Kelli Holloway expected her college scholarship from State Employees’ Credit Union (SECU) Foundation, Raleigh, N.C., to lead to a career as a lawyer.
Instead, it led her to become vice president of member education and outreach at $46 billion asset SECU.
Holloway’s path curved toward her hometown after she graduated from the University of North Carolina at Chapel Hill. An only child, she returned to Raleigh to help care for her mom while saving money for law school.
She hoped being a scholarship recipient would give her an edge in getting a job at SECU—and she was quickly offered a position as a financial services officer helping members with loans and mortgages.
Holloway also gave presentations at elementary and middle schools. After an executive saw her presentation, she became a member education specialist.
“This matches my passion and my purpose,” Holloway says. “How awesome that I was able to make it my position.”

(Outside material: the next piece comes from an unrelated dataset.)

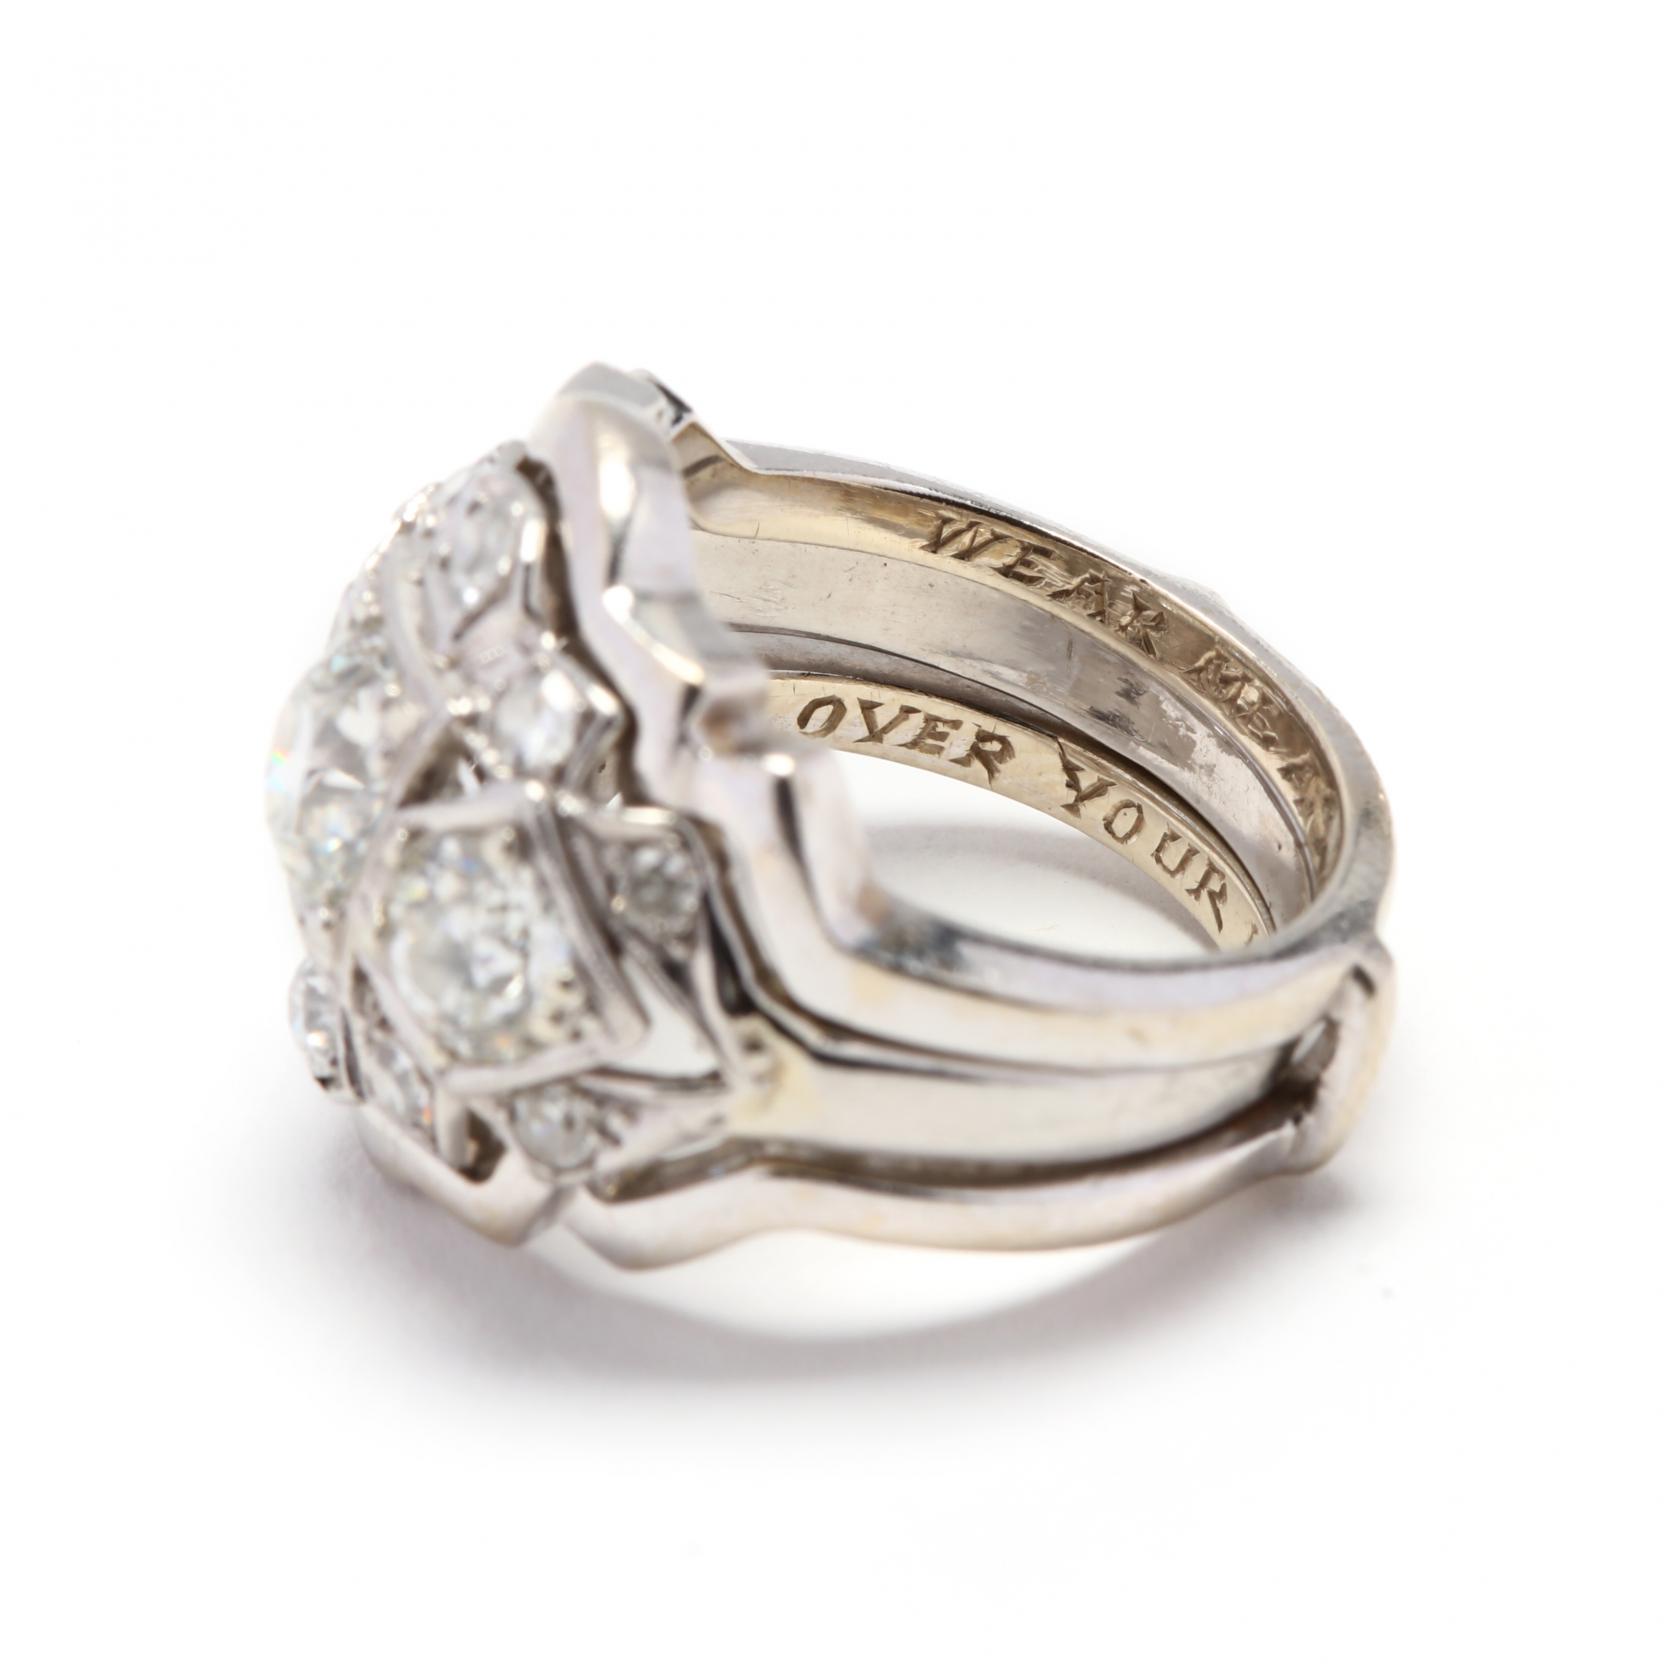 Vintage Platinum and Diamond Ring with 14KT White Gold Jacket - Image 6 of 9

Today, Holloway leads a team of 10 employees who develop programs and presentations and support the branch staff who help deliver them to members, schools, youth groups, and community organizations in all 100 North Carolina counties.
Holloway describes herself as a “radical optimist” who is passionate about her faith and demonstrates “radical acceptance” that life is different during a pandemic.
As a manager, she compares her “radical enthusiasm” for her team to the crowd in “The Price is Right,” where everyone cheers for each contestant to succeed. She believes credit unions thrive through teamwork that gives everyone a seat at the table.
“There’s a freedom in being radical,” Holloway said. “When you feel comfortable with the uncomfortable it shows good leadership, so that’s the kind of radical optimist I aim to be.”
Holloway is willing to speak up to help others understand diversity, equity, and inclusion opportunities, and is a member of the Southern Region Committee Board for the African American Credit Union Coalition. For example, she helped amplify an employee’s comment that messages from leadership should be diverse.
“Representation matters,” Holloway said. “So if we’re going to say we’re diverse, we have to walk it, we have to talk it, we have to show it.”
After the deaths of George Floyd and Breonna Taylor sparked protests, Holloway realized “employees were suffocated by the grief that this moment provided.”
She was tasked with spearheading a “Crucial Conversations” course to help managers become sensitive to racial injustices and respond with empathy. More than 100 SECU managers have taken the 90-minute course so far, with plans to deliver it to several hundred additional managers in coming months.
Holloway sometimes feels the combined stress of social tensions, of being a Black woman in a leadership role, and of juggling the challenges of career, motherhood, and caregiving for her own mother. She relies on faith to restore her spirit, along with spending time with husband Mike and daughters three-month-old Ava and three-year-old Zoie.
Holloway’s faith brings the perspective of “the willing heart and the servant leader” to her work.
“There’s no ceiling on your capacity to learn about others and care and put yourself in their shoes,” Holloway says. “That’s how you’re able to change not just policies and procedures but minds and hearts.”